What is the average # of batches you could age in an oak barrel for? I heard today for the first time that after 2 batches, bacteria starts to grow in the barrel and if used in later beers, it could make the beers sour. Did I run across some false information? If this is true, would it still be drinkable with of course, some sourness to it (if I was ok with that)?
That's pretty arbitrary information. The fact is that the possibility of infection is there from day one. There is no certain number of batches before infection. You can mitigate infection through proper sanitation.
Never done anything with a barrel, so ... I think most people end up using barrels for sour beers after 2 or 3 clean beers because the whiskey (or whatever) has mostly faded at that point. I don't think that bacteria is spontaneously generating in used barrels after a couple batches, you have to add the bugs that you want. @FATC1TY has done some barrels, hopefully he can set you straight
If your sanitation is up. You keep the barrel clean and hydrated. You can get a couple beers easy. I've gotten 3-4 and at that point I soured it myself. The oak flavor or spirit in the barrel beforehand changes nicely and it's better to go dark and heavy to lighter each pass I've found. I'd plan for atleast 3 or more beers in a barrel if you are a really attentive brewer and cellar man.
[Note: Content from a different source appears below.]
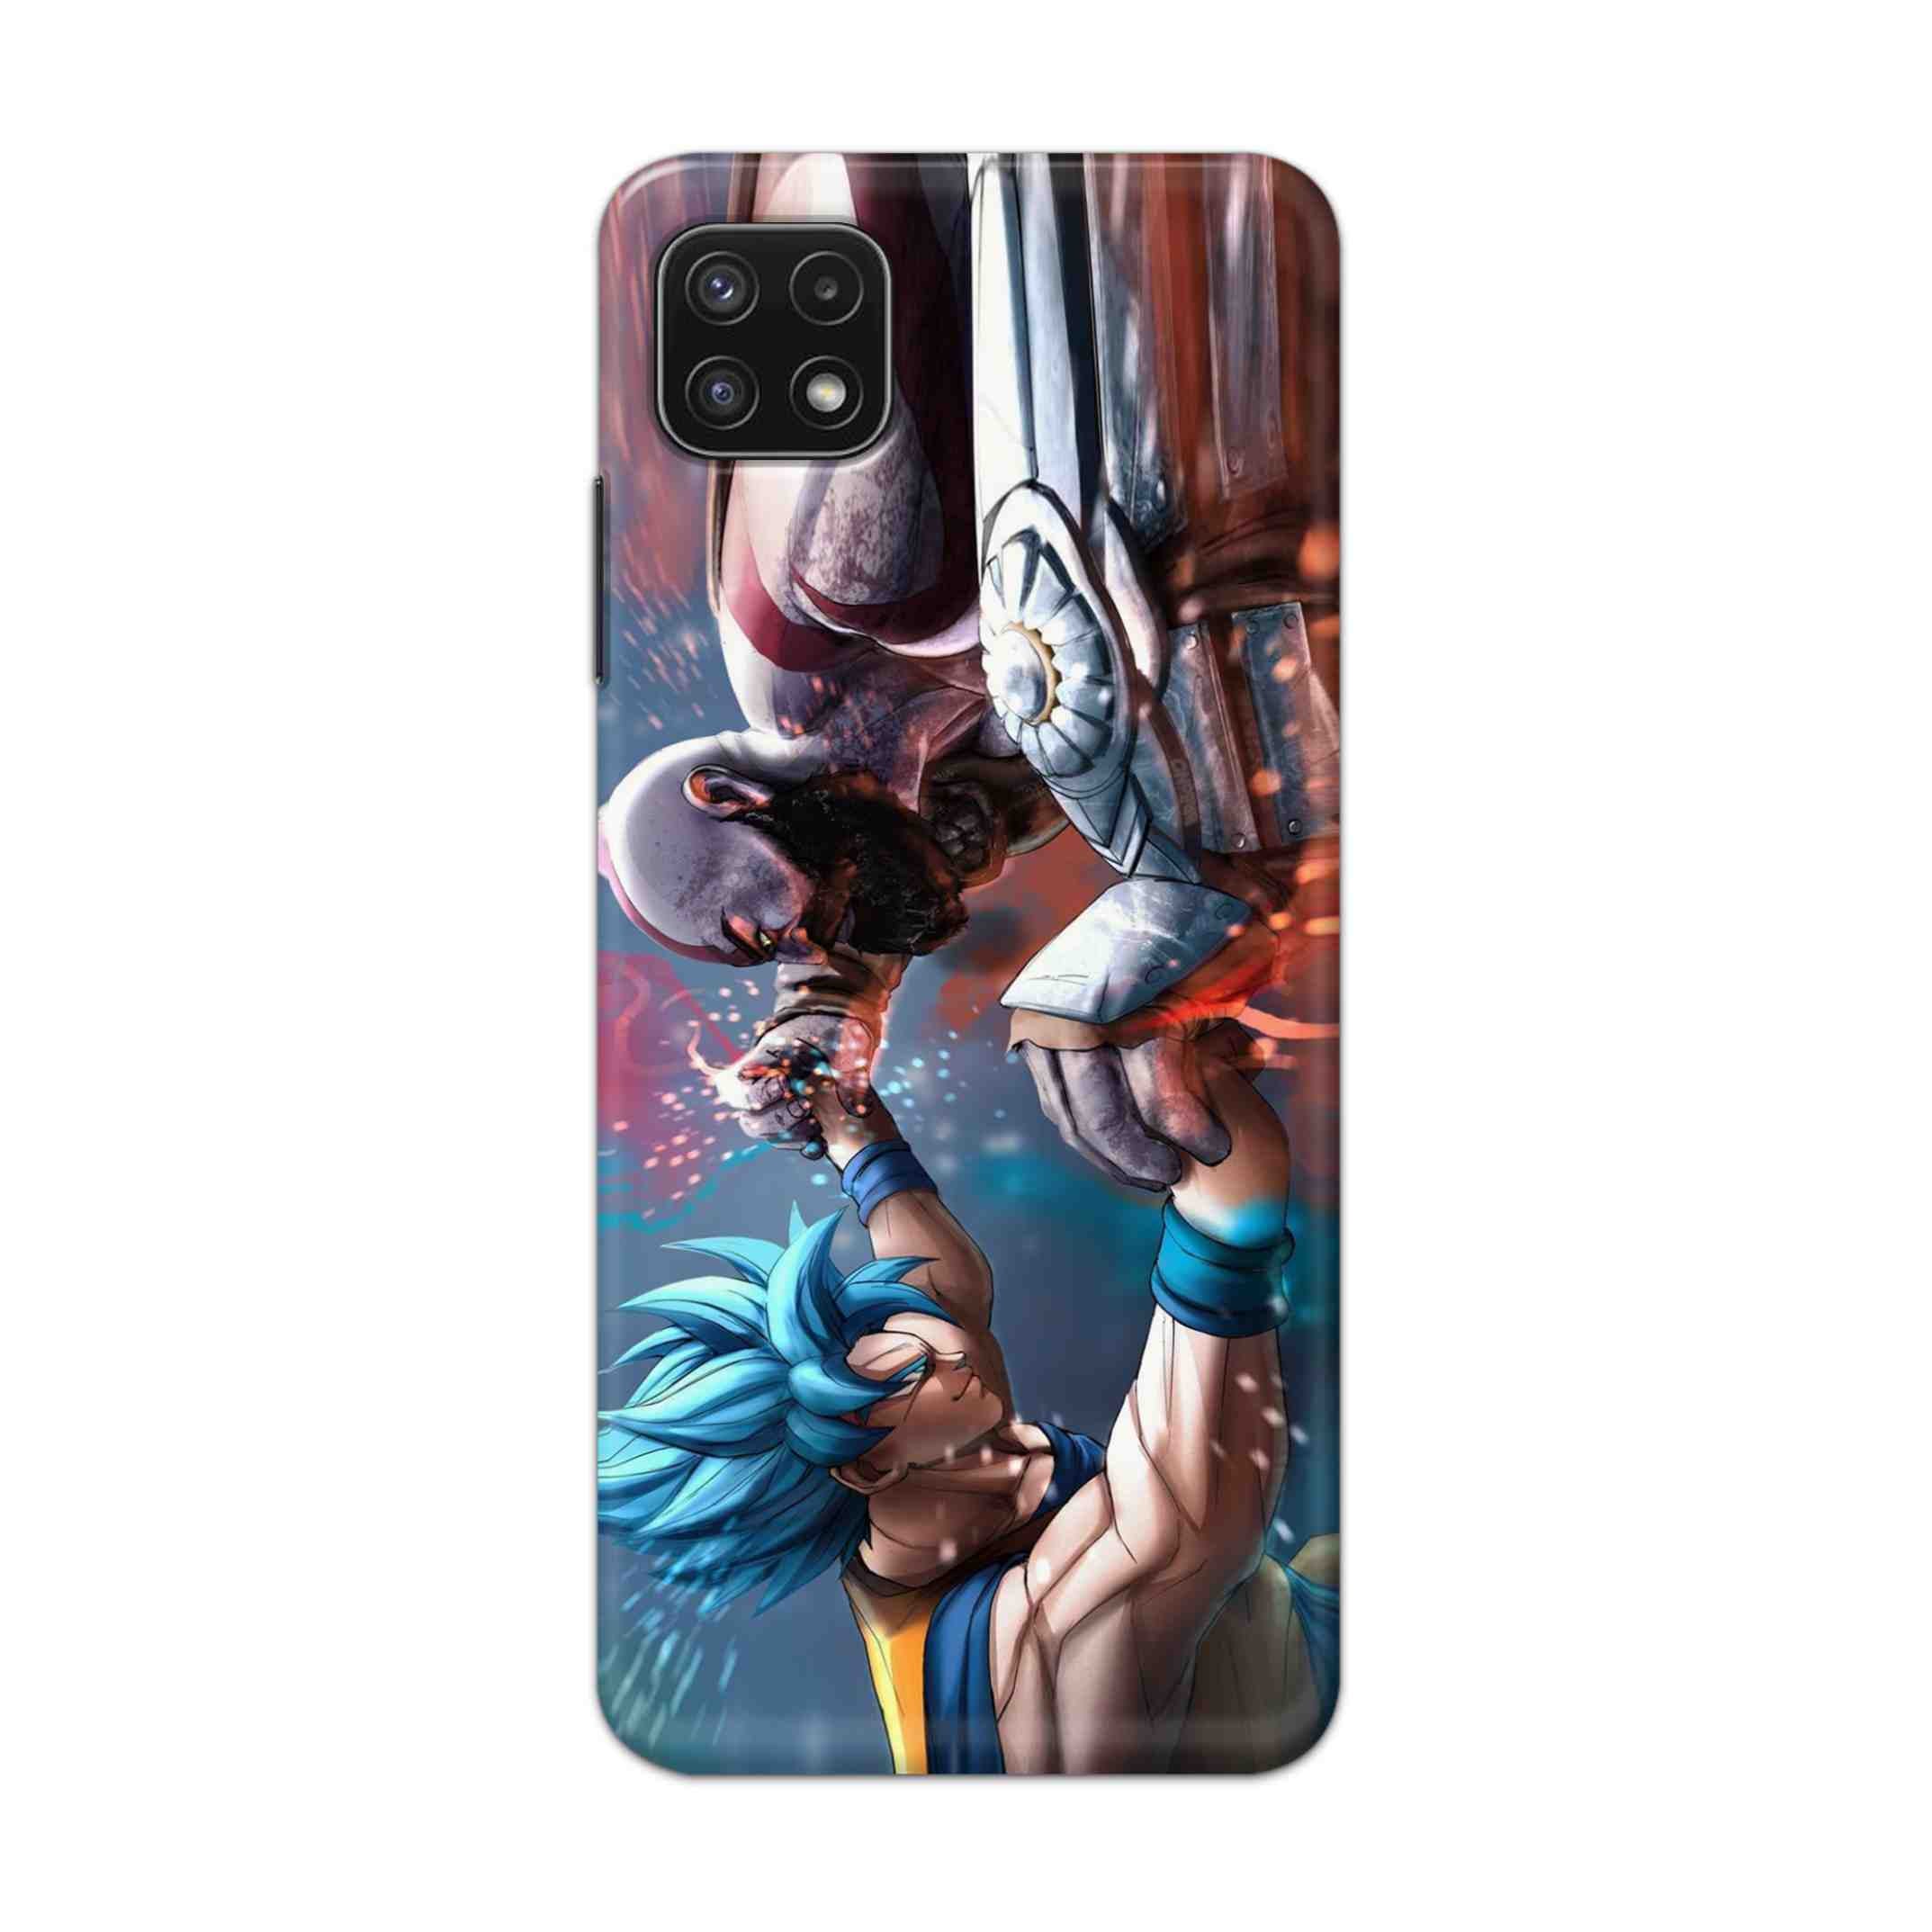 Buy Goku Vs Kratos Hard Back Mobile Phone Case Cover For Samsung A22 5G Online

I have a 5 gallon barrel that I've been using for the last 3 years. I think total I've put 8 batches in it and in fact I just refilled it yesterday. The first two batches were "clean" beers with no problems, then I intentionally soured it. As long as you keep it full it should last you for a while. As far as continuing to produce clean beers, its lifespan is going to be shorter. There is a much greater risk of an infection holding in the barrel. If you get an infected batch in a carboy, you can sanitize and it should be fine for the next batch, but a barrel will not work that way. So for clean beers I would say generally 2-3 beers, but after each batch the barrel character will be weaker.
Great info guys. I guess I'll be saving my barrels to age some sour beers when I start making them! It'll save me having to buy a lot of designated equipment for sours.
By hydrated do you refer to spraying down the outside of the barrel while the beer is aging or simply keeping them full of beer?